Auf diese Tradition bezog sich der sowjetische Politiker Nikita Sergejewitsch Chruschtschow im Februar 1956 in seiner Geheimrede Über den Personenkult und seine Folgen auf dem XX. Parteitag der KPdSU. Darin verurteilte er den Stalinismus mit den in seinem Namen verübten Verbrechen und damit den Personenkult um Stalin.[4] Der Vorwurf des Personenkults wurde dadurch im Rahmen der Entstalinisierung zu einem weltweit bekannten Schlagwort.

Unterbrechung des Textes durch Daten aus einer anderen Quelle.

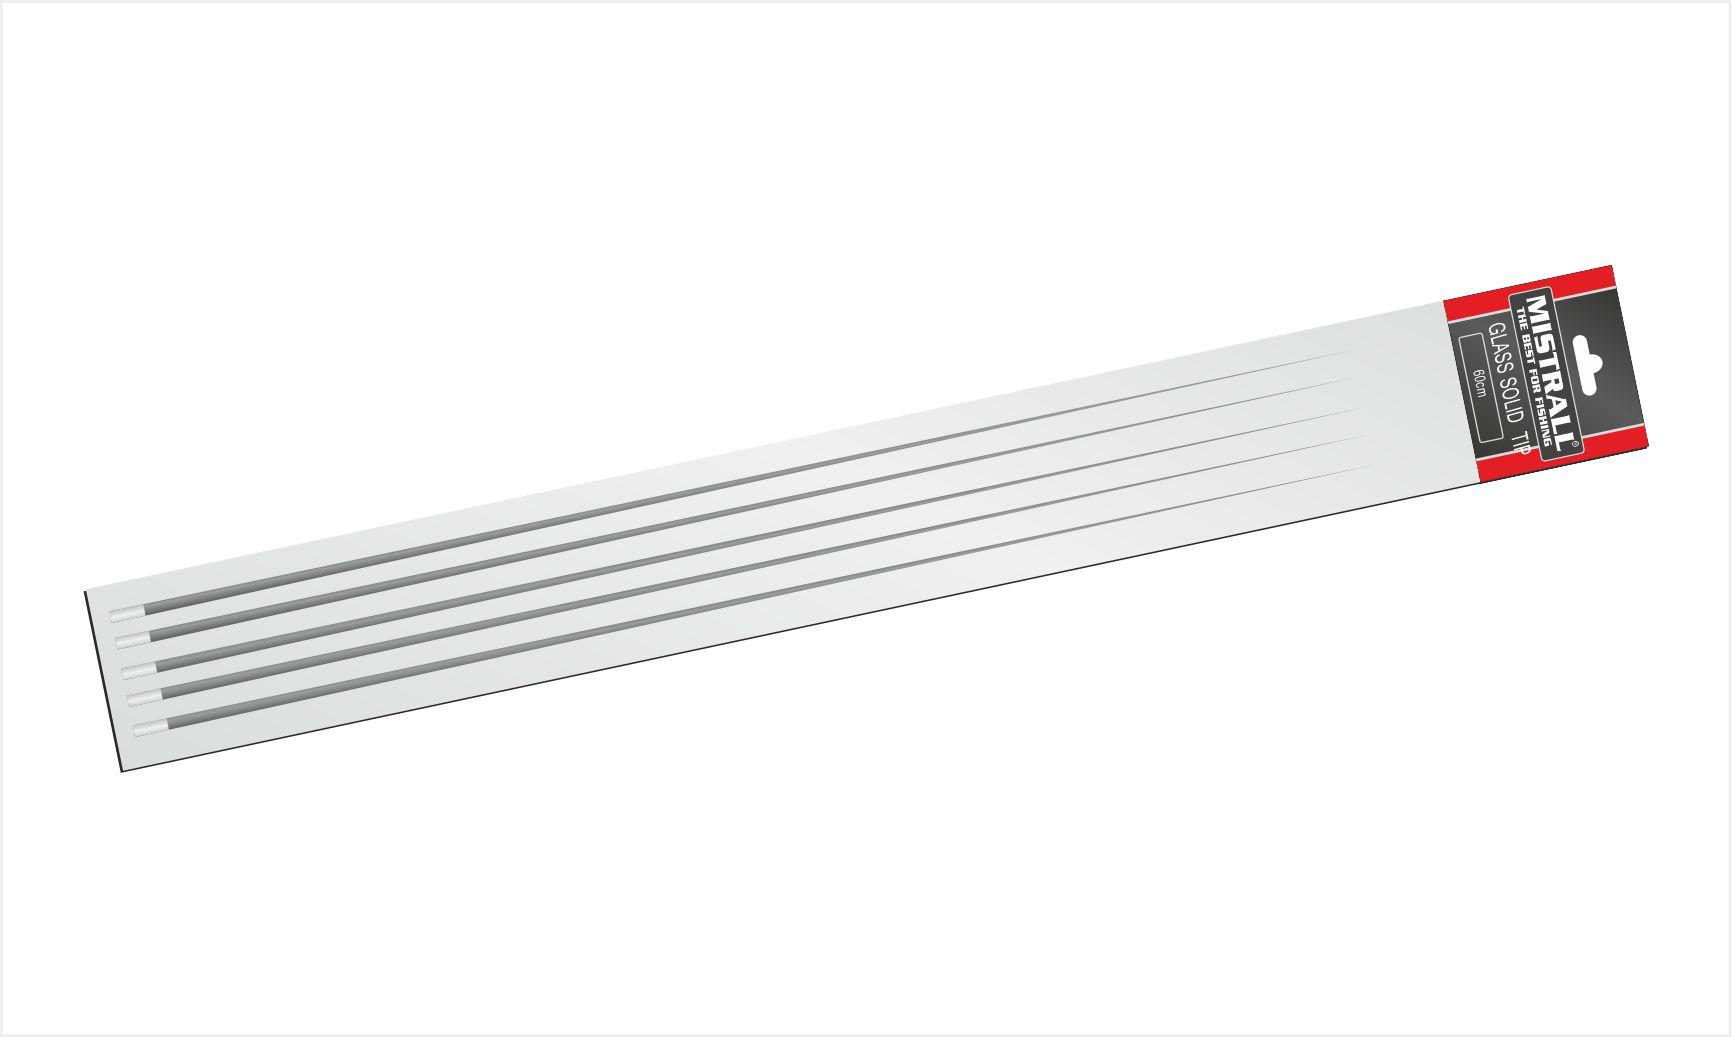 Mistrall náhradní špička na prut plná 0,9 x 4,5 x 600 mm, 5ks/bal

„Wir haben uns mit der jetzt und zukünftig für die Partei überaus wichtigen Frage zu befassen, wie der Kult mit der Person Stalins sich allmählich entfalten konnte, dieser Kult, der in einer ganz bestimmten, konkreten Phase zur Quelle einer Reihe außerordentlich ernster und schwerwiegender Verfälschungen der Parteigrundsätze, der innerparteilichen Demokratie und der revolutionären Gesetzlichkeit wurde.“[5]

Der Begriff wird zumeist pejorativ verwendet. Eine Ausnahme stellt der französische marxistische Philosoph Alain Badiou (* 1937) dar, der Chruschtschows Verurteilung des stalinschen Personenkults für unangebracht hält. Sie habe „unter dem Deckmantel der Demokratie den Niedergang der Idee des Kommunismus“ angekündigt.[6]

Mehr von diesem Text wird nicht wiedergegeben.